気がついたときには兄貴分に肩を抱えられていた。

俺が出てこないんであちこち探してくれたらしいんだ。

そしたらここの電話番号のメモが机に残ってて、探しにきたら部屋の隅で膝を抱えて小刻みに震えてる俺がいたってことだった。

兄貴から日付を聞いて愕然としたね。

ここに入ってからなんとまる二日もたってるんだ。

仏像はどうなったかって?

ああ、それだよ。バッグを開けたら中に入ってたのはバラけないようにあちこちヒモで縛った小さい小さい人骨だった。

胎児の骨だと思う。

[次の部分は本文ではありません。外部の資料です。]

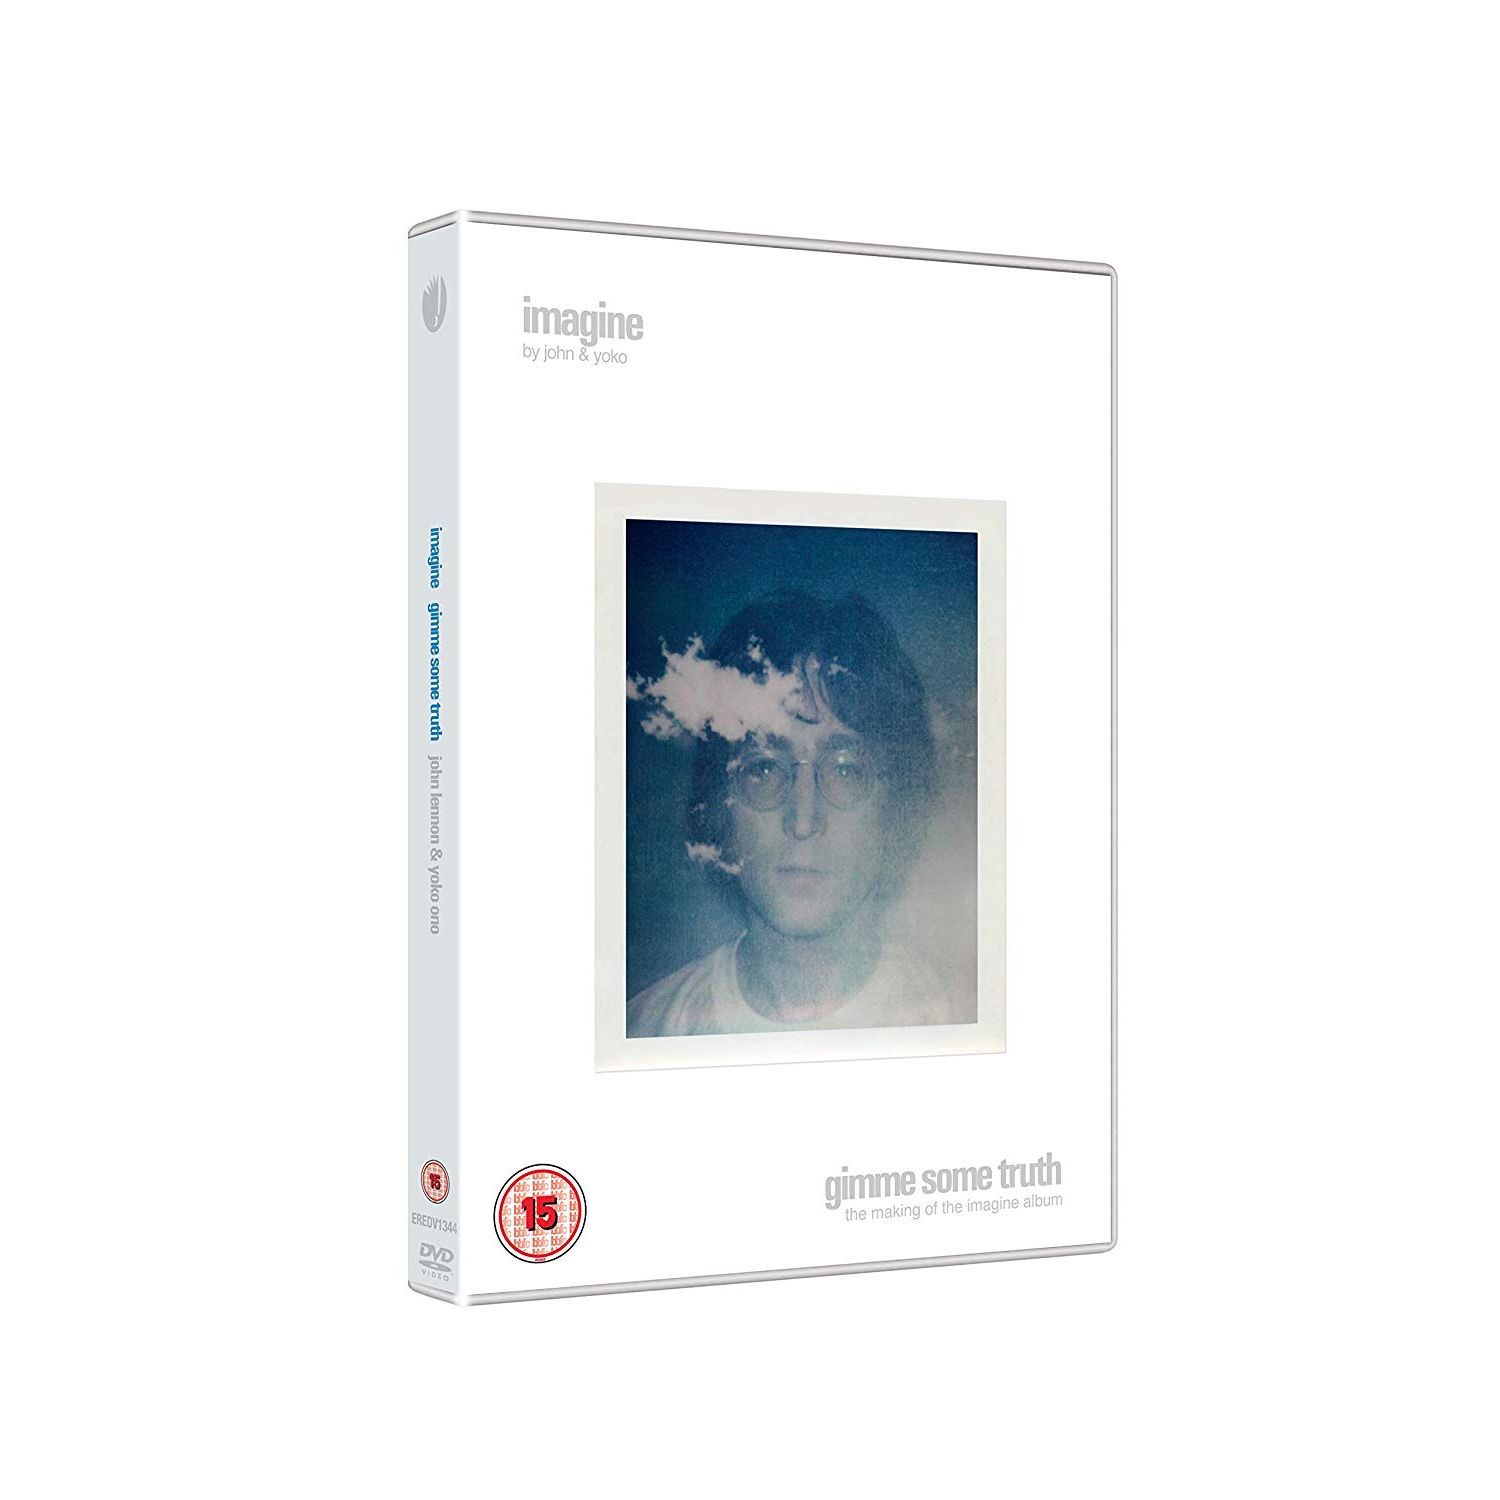 JOHN LENNON & YOKO ONO / ジョン・レノン&ヨーコ・オノ / IMAGINE & GIMME SOME TRUTH (DVD)
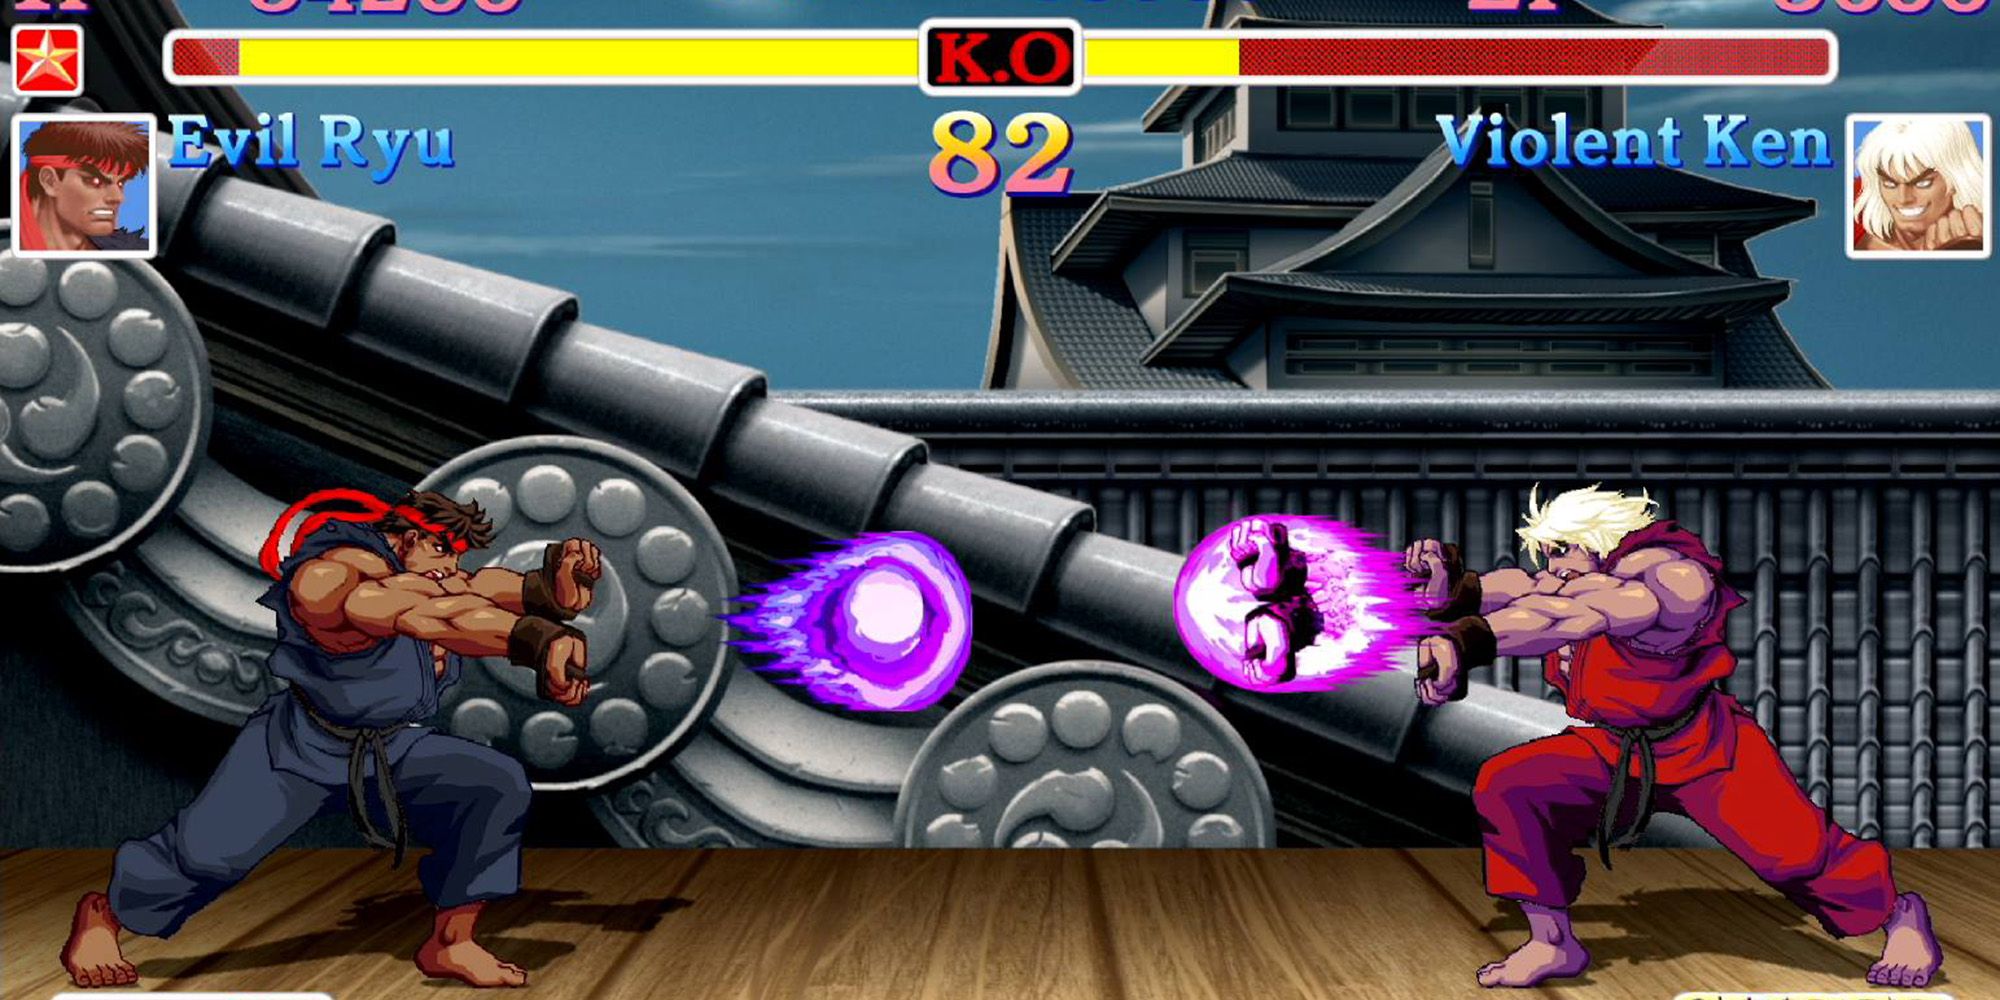 Ultra Street Fighter 2 Evil Ryu vs Violent Ken

仏像なんてどこにもない。

骨は白く乾いてて、頭の部分に小さな字がたくさん並んでいて、その最後にやや大きく、普通の字で「しね」って書いてあった。

……三田の最後っ屁だったんだな。

家を訪ねてくるやつに罠をかけたんだと思う。

さあなあ、俺を狙ったとは思えないが。

恨まれるようなことはしてないし、世間のやつらが憎くて誰でもよかったんじゃないか。
それにしても、こういうことって実際にあるもんだとは思わなかった。

何というか、宗教家としての力はあったってことなんだろうな。

それから三田のゆくえは探してないし、俺もしばらくして闇金をやめた。